3) Sort order for code
page characters
Sort order itself is affected by :
Case Sensitivity
In comparison and sorting operations, are uppercase and
lowercase characters considered equal? In a Case Sensitive collation 'A' <> 'a',
'Cat' <> 'CAT' etc.
Accent Sensitivity
In comparison and sorting operations, are accented and
unaccented characters considered equal? Does 'a' = '?', 'Bronte' = 'Brontë'?
Kana sensitivity
Japan has 2 types of characters Hiragana and Katakana.
In comparison and sorting operations, are Kana sensitivite
collation treated them as equal?
Width sensitivity
In comparison and sorting operations, is a single byte
character equal to it's double-byte representation?

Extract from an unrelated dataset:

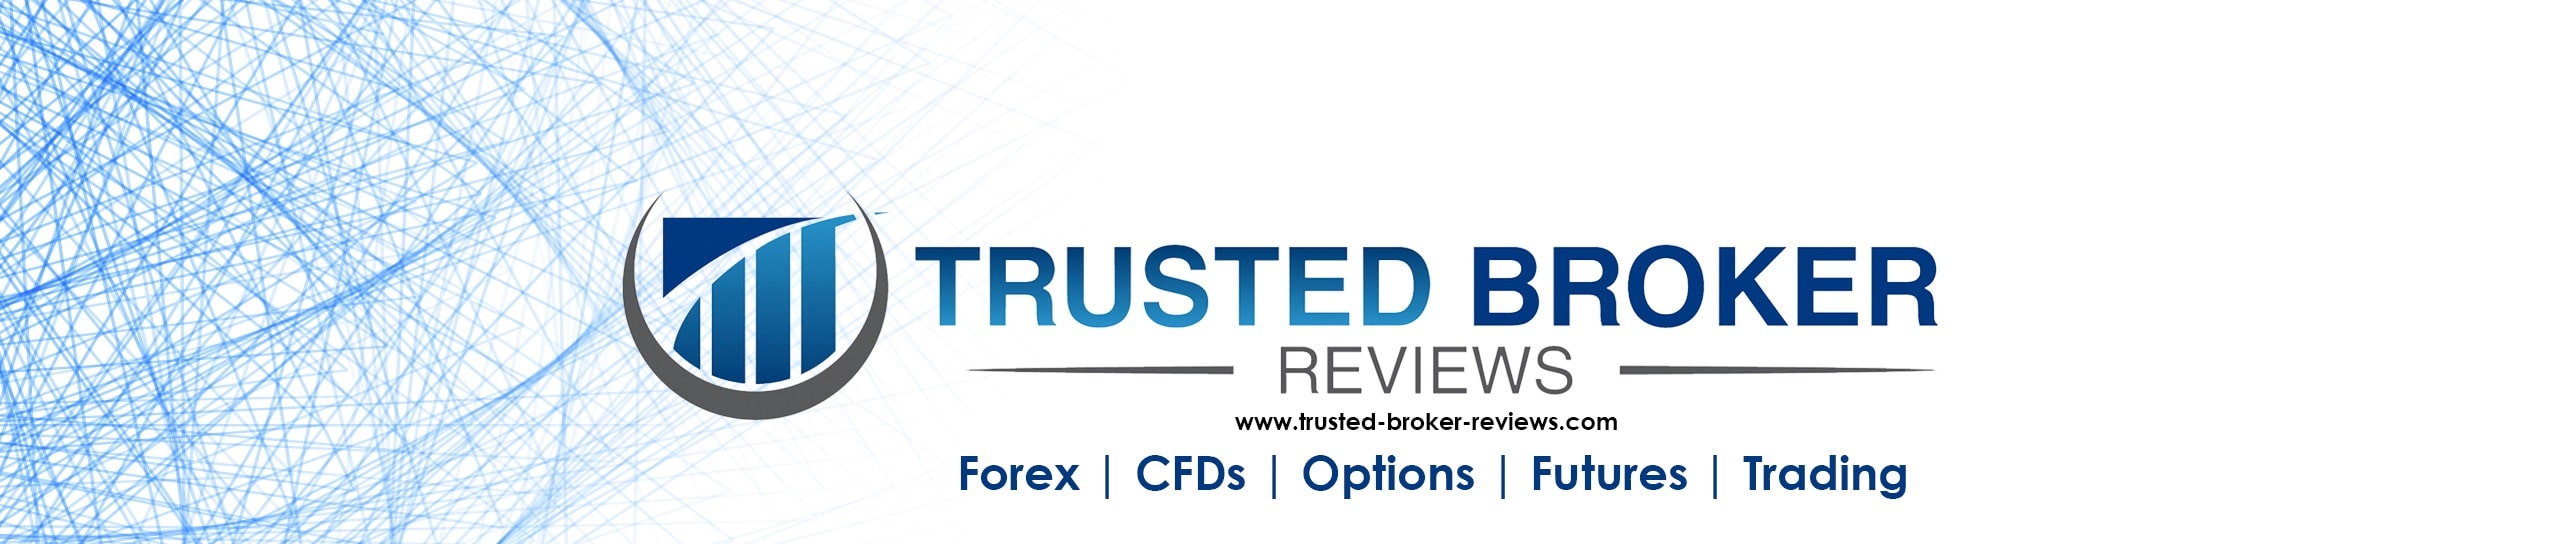 Trusted Broker Reviews Over ons Logo

Collation naming reveals all this information.
For example, the Latin1_General_CI_AS collation is a Latin
code page that is Case Insensitive (CI) and Accent Sensitive (AS).
Exploring Collations
Step 1 : What
Collation is SQL installed under?
SELECT SERVERPROPERTY('COLLATION')
Step 2 : Which collations are available to me?
SELECT Name, Description FROM fn_helpcollations()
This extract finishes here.